_Data provided_:
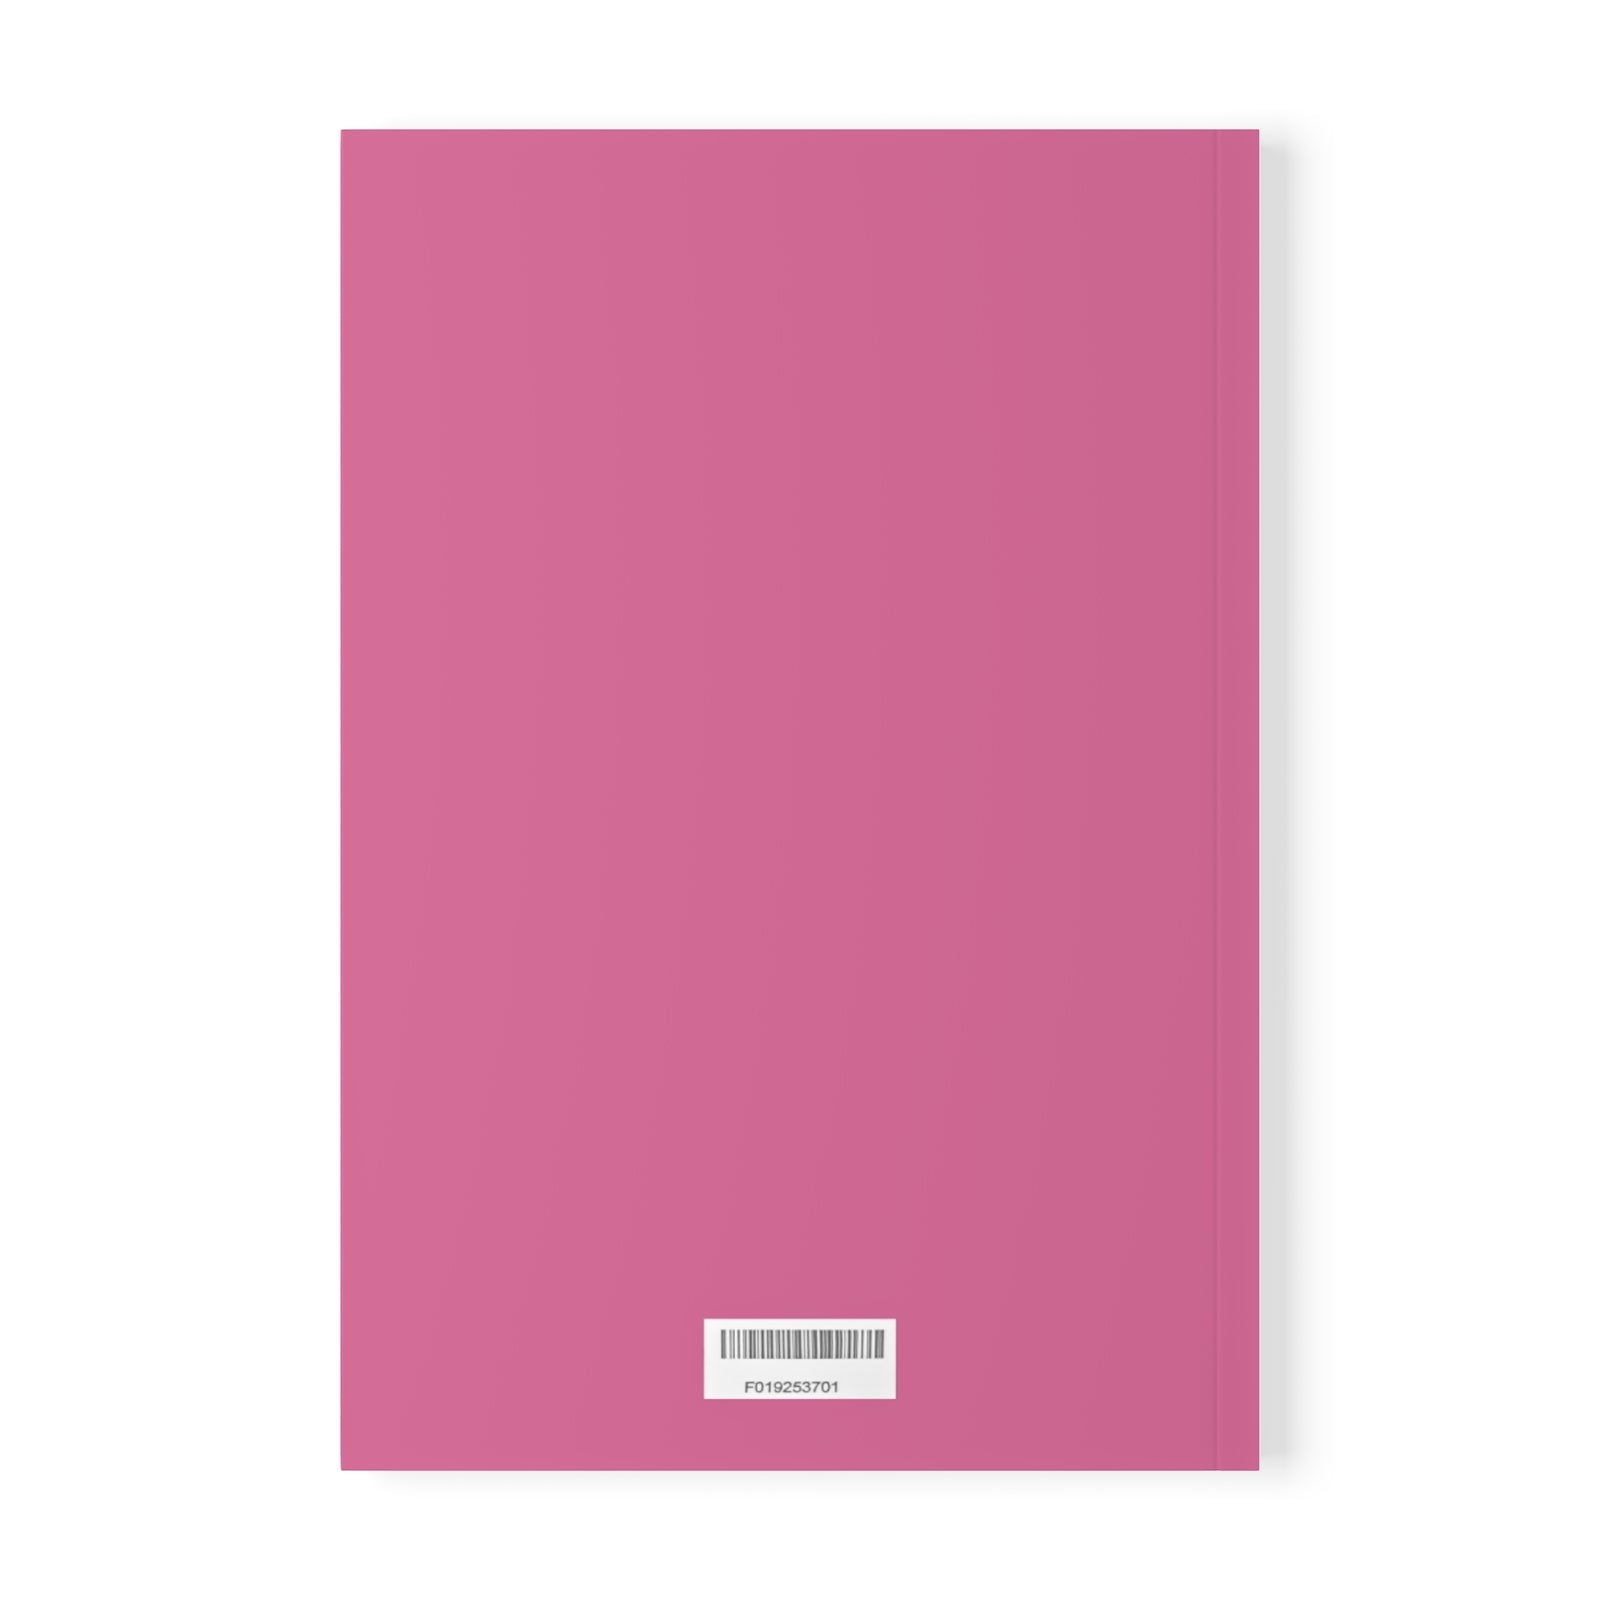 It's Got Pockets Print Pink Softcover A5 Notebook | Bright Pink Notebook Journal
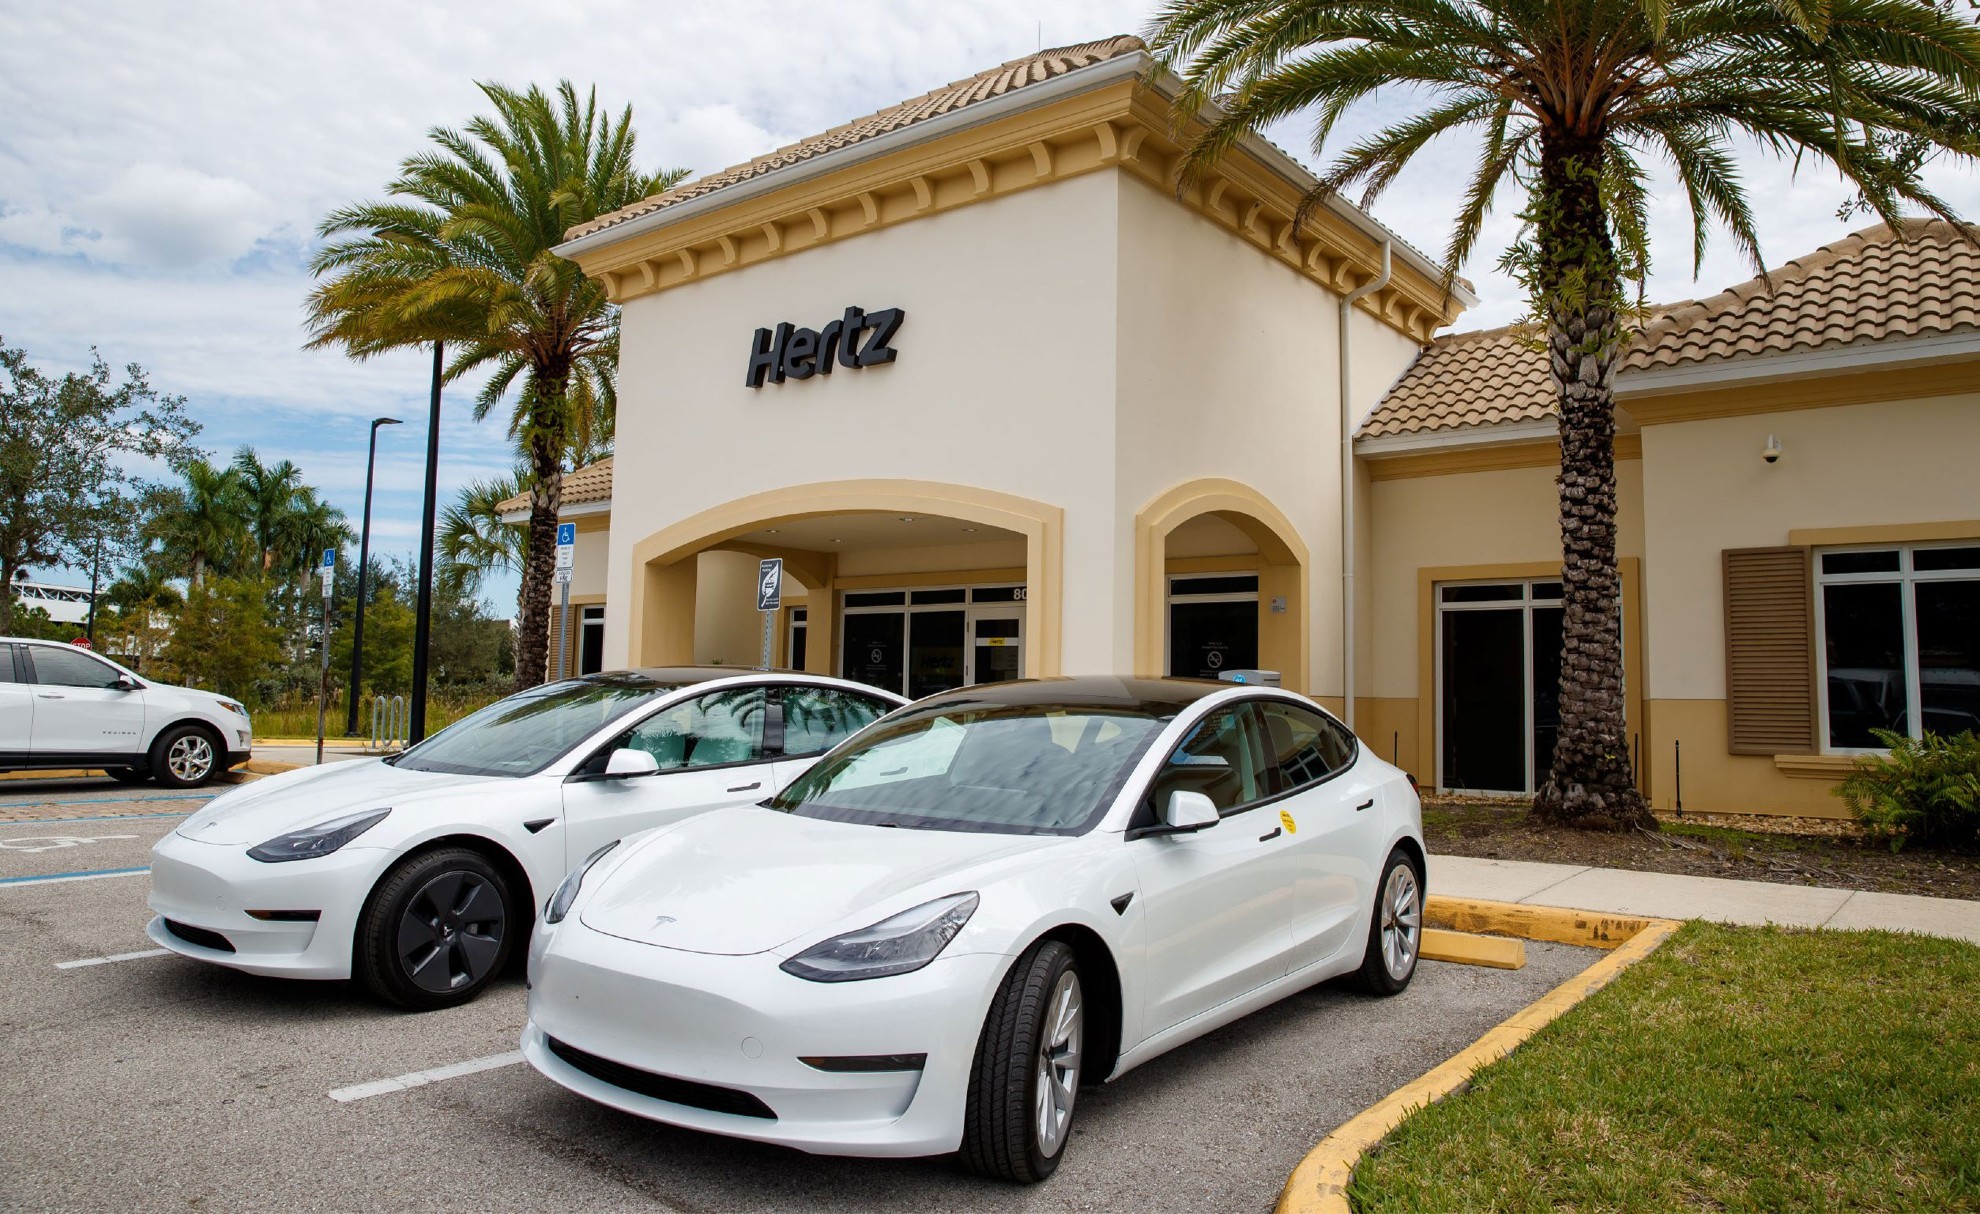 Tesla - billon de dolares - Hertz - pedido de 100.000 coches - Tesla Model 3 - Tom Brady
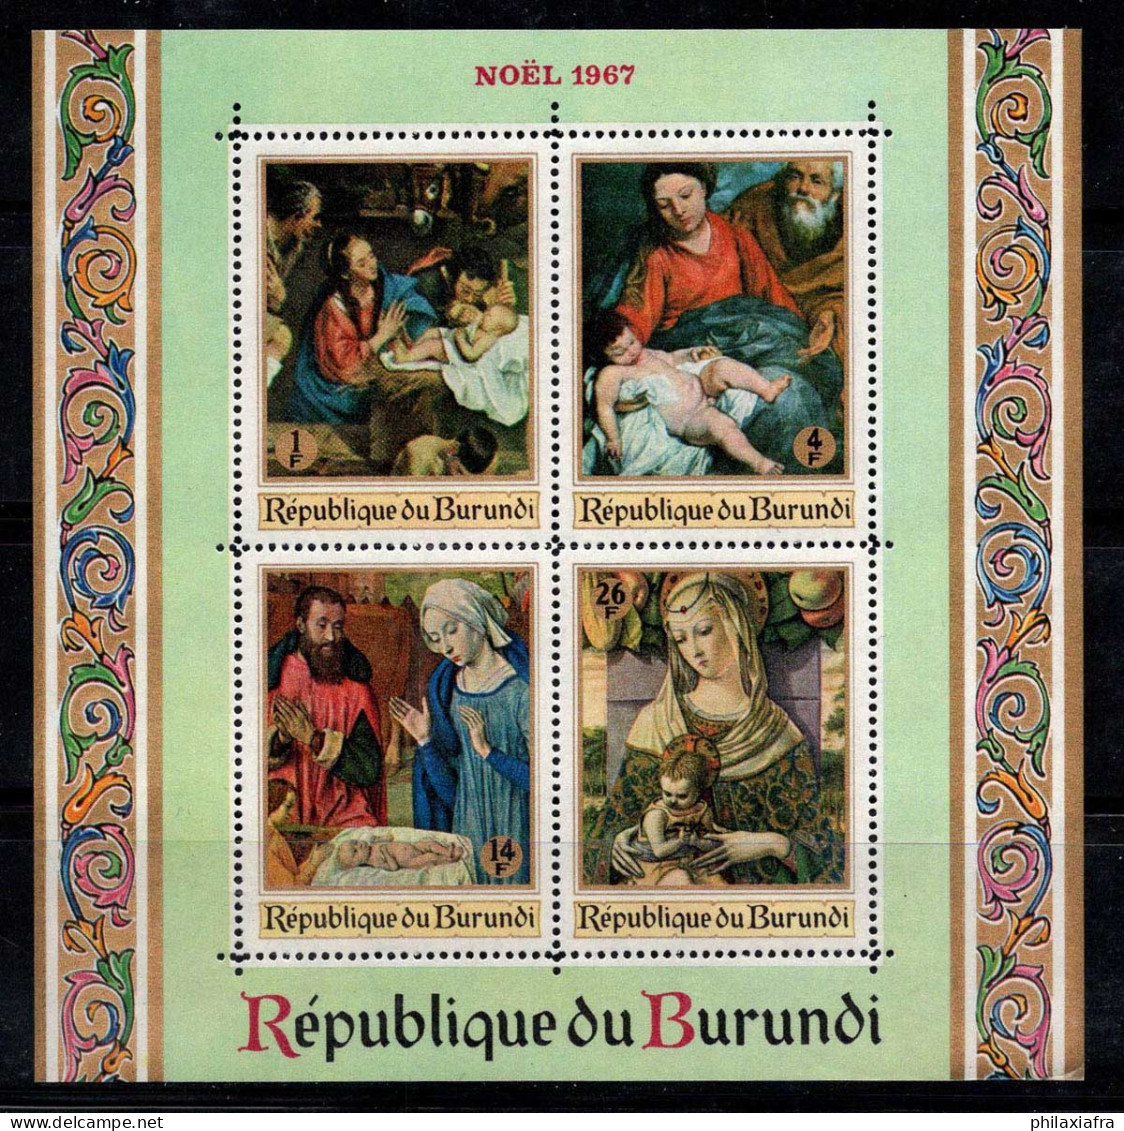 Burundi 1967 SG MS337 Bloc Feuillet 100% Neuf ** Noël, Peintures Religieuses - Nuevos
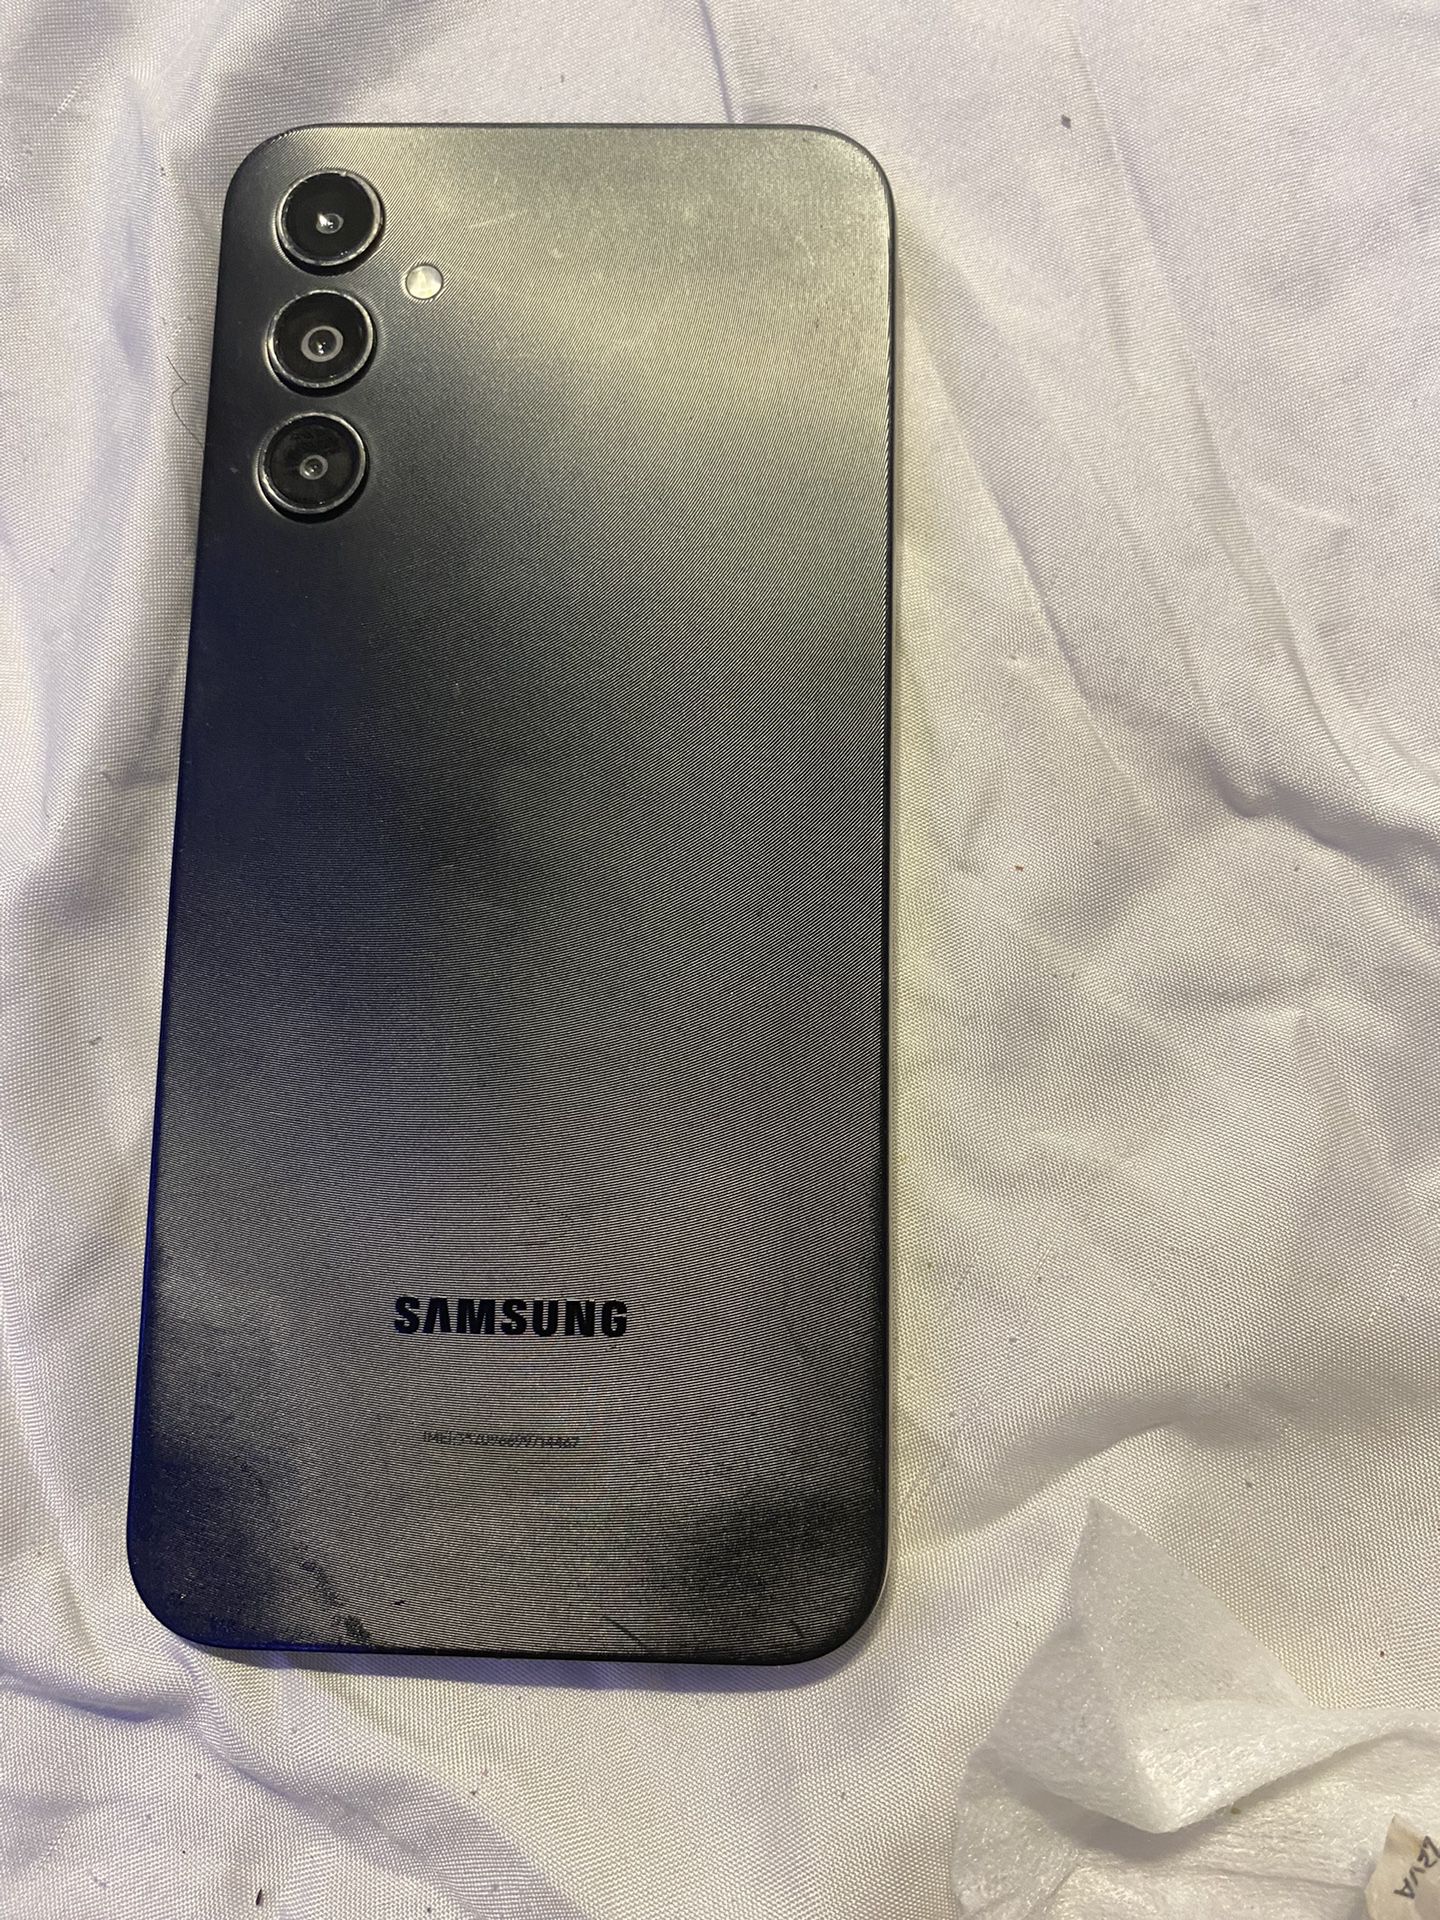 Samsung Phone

_About this task_: Return the material as it stands. Leave out the pictures.

_Answer to this problem_:
 It's Got Pockets Print Pink Softcover A5 Notebook | Bright Pink Notebook Journal
 Tesla - billon de dolares - Hertz - pedido de 100.000 coches - Tesla Model 3 - Tom Brady
 Burundi 1967 SG MS337 Bloc Feuillet 100% Neuf ** Noël, Peintures Religieuses - Nuevos
 Samsung Phone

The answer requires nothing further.